Herpes zoster (HZ), commonly known as shingles, arises from the reactivation of the latent varicella-zoster virus (VZV) when VZV-specific cellular immunity declines below a critical threshold necessary for viral suppression. The current leading vaccine, Shingrix, which incorporates the adjuvant AS01_B with glycoprotein E (gE), has significantly contributed to HZ prevention but raises concerns regarding safety and accessibility. Addressing the need for safer and more accessible HZ vaccinations, we developed a vaccine comprising a fusion protein of glycoprotein E and I (gEgI), connected via a linker, targeting abundant B cell and CD4 T cell epitopes. Our study assessed the immunogenicity of the gE alone and the gEgI fusion protein in adult mice, revealing that gEgI prompts a more potent and comprehensive T cell response compared to gE alone.
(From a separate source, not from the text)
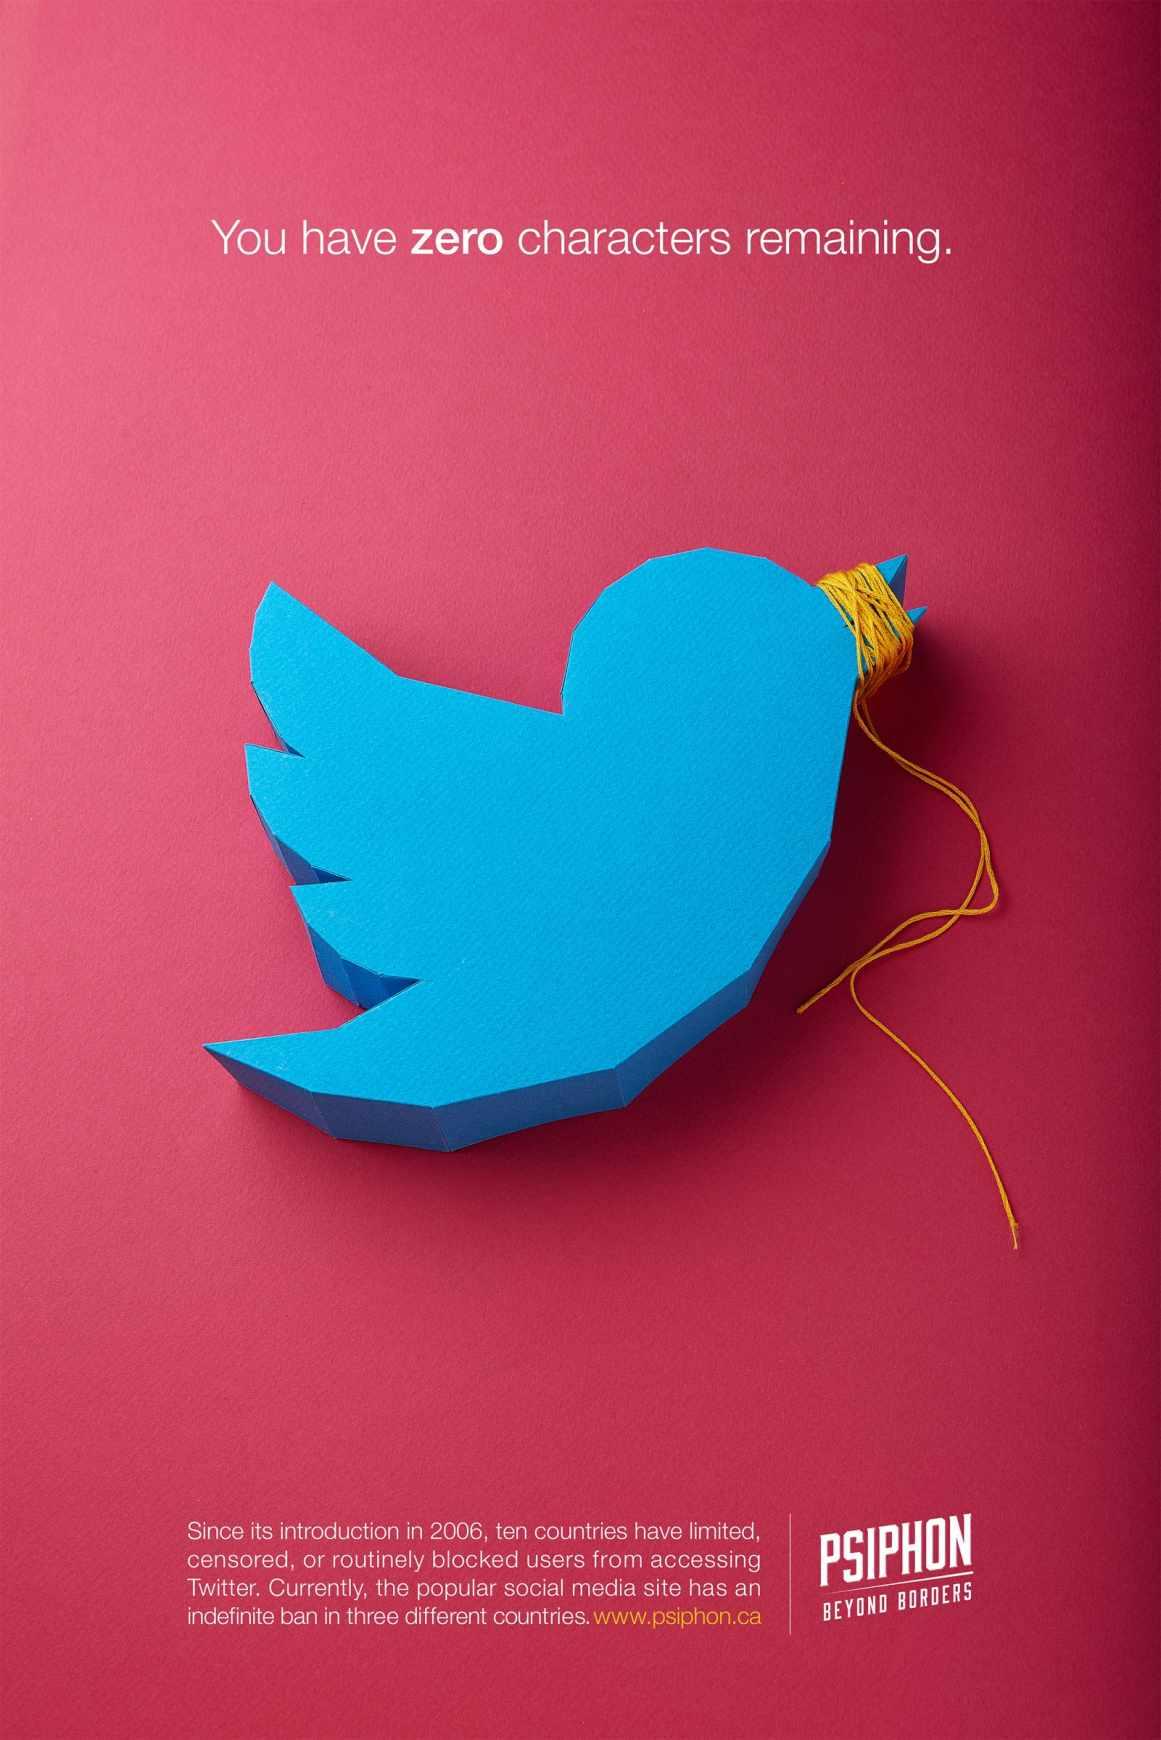 dans-ta-pub-social-media-censure-liberte-expression-psiphon-2
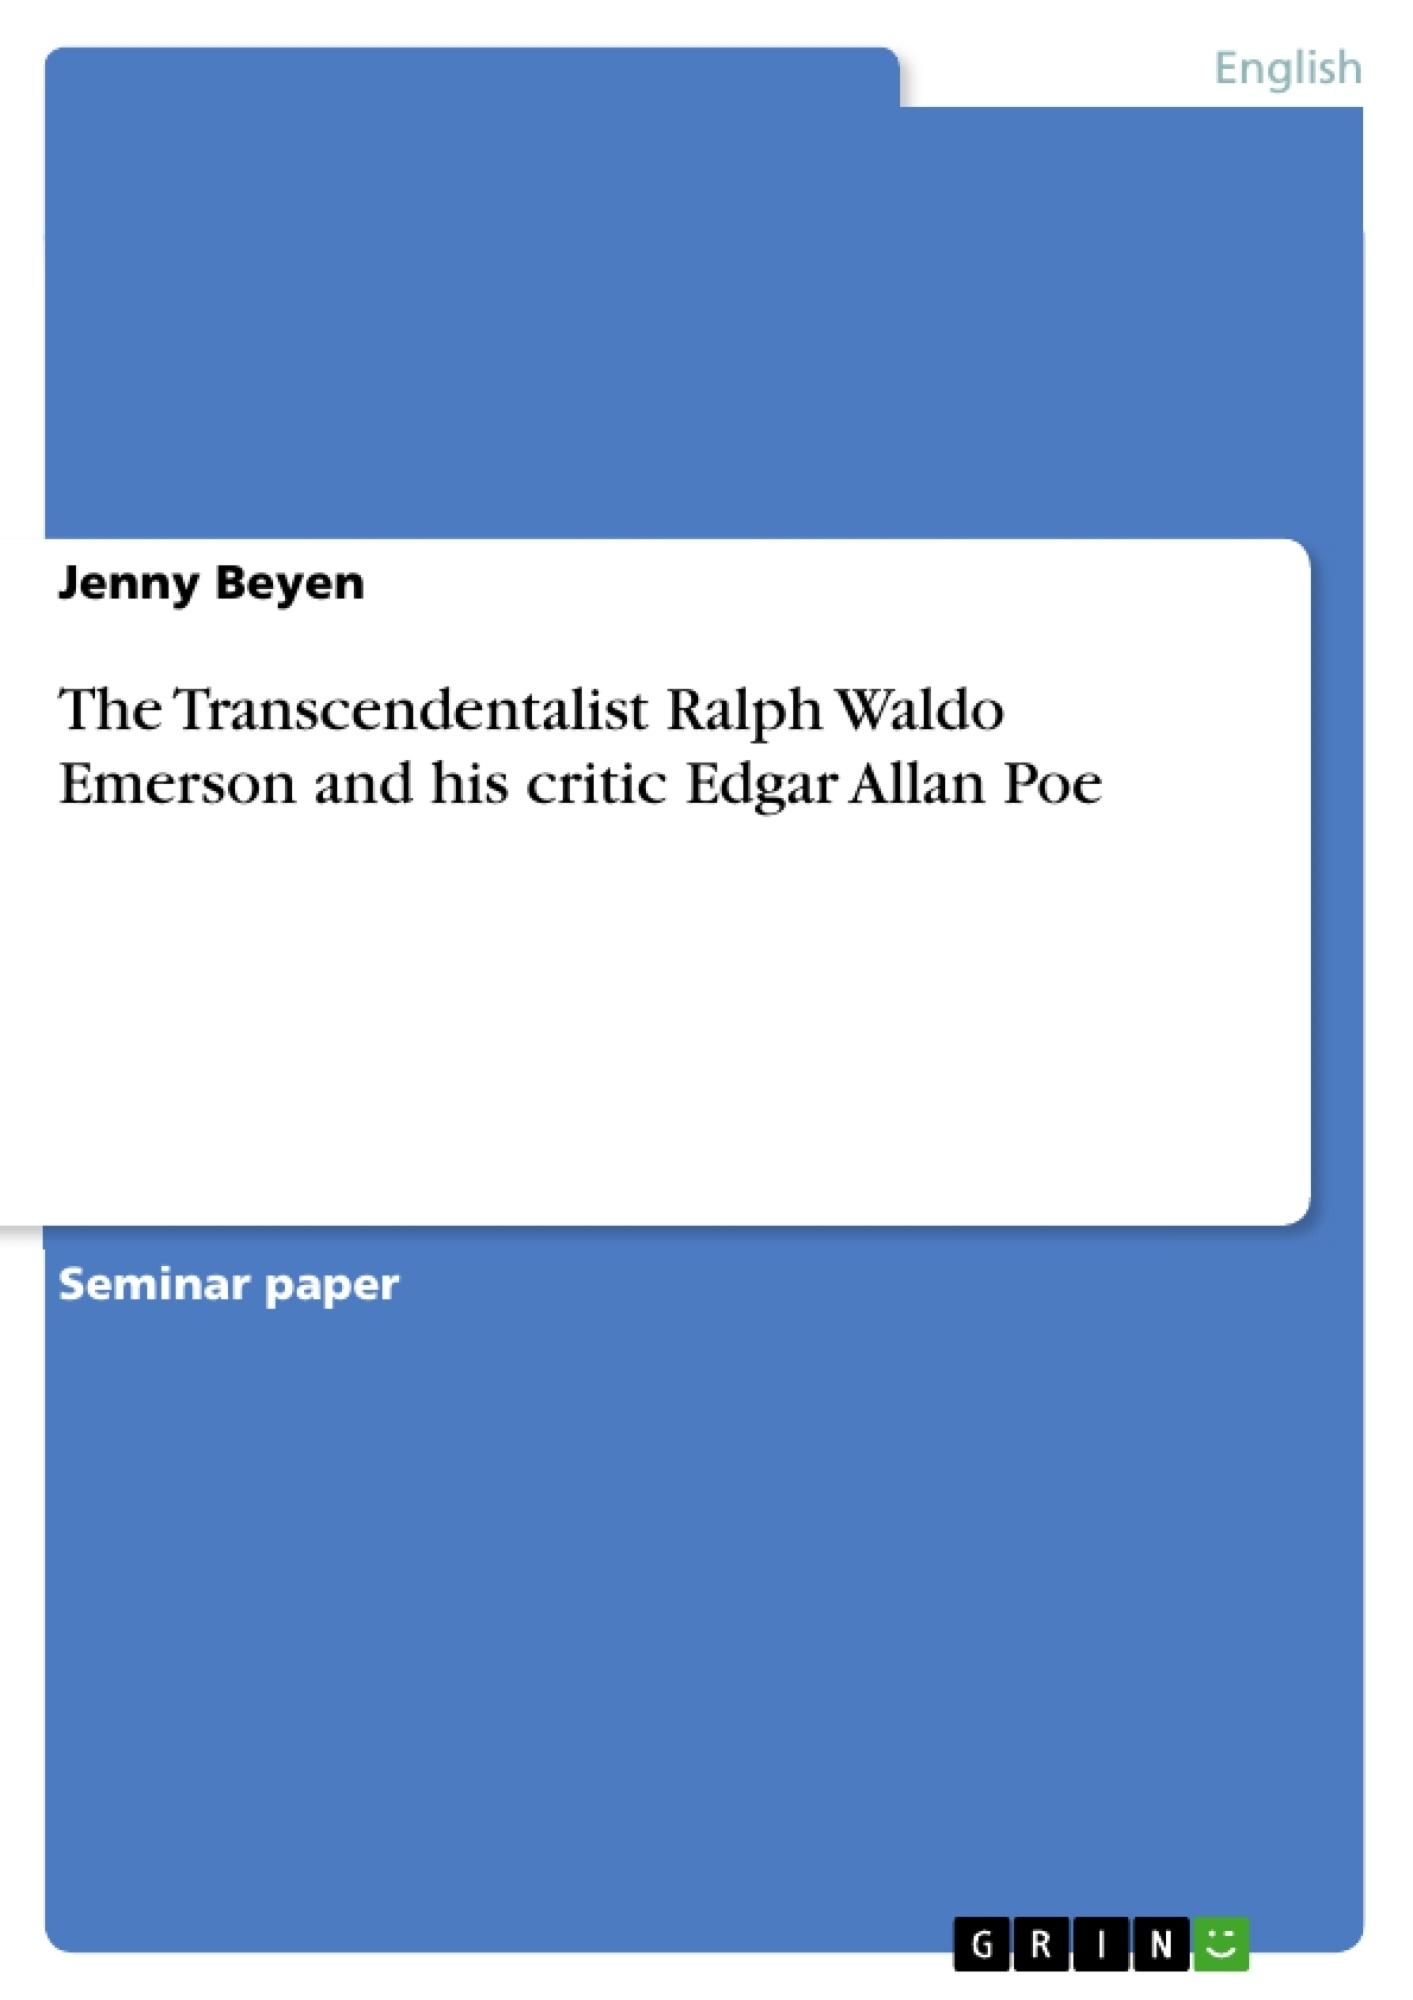 Title: The Transcendentalist Ralph Waldo Emerson  and his critic Edgar Allan Poe

Furthermore, we introduced a composite adjuvant, an emulsion-type adjuvant combined with CpG1018 (XUA09C), which was shown to enhance both humoral and cellular immune responses beyond the capabilities of XUA09 with CpG alone. Comparative analyses demonstrated that the XUA09C-adjuvanted gEgI vaccine induces comparable antibody responses and significantly superior T cell responses relative to Shingrix in both adult, VZV-primed, and aged mice. Single-cell RNA sequencing highlighted that gEgI/XUA09C more effectively promotes early immune activation, B and T cell proliferation, and memory T cell augmentation compared to Shingrix. These findings position the XUA09C-adjuvanted gEgI as a promising candidate for further development in HZ vaccine strategies, potentially better serving the needs of the immunocompromised population.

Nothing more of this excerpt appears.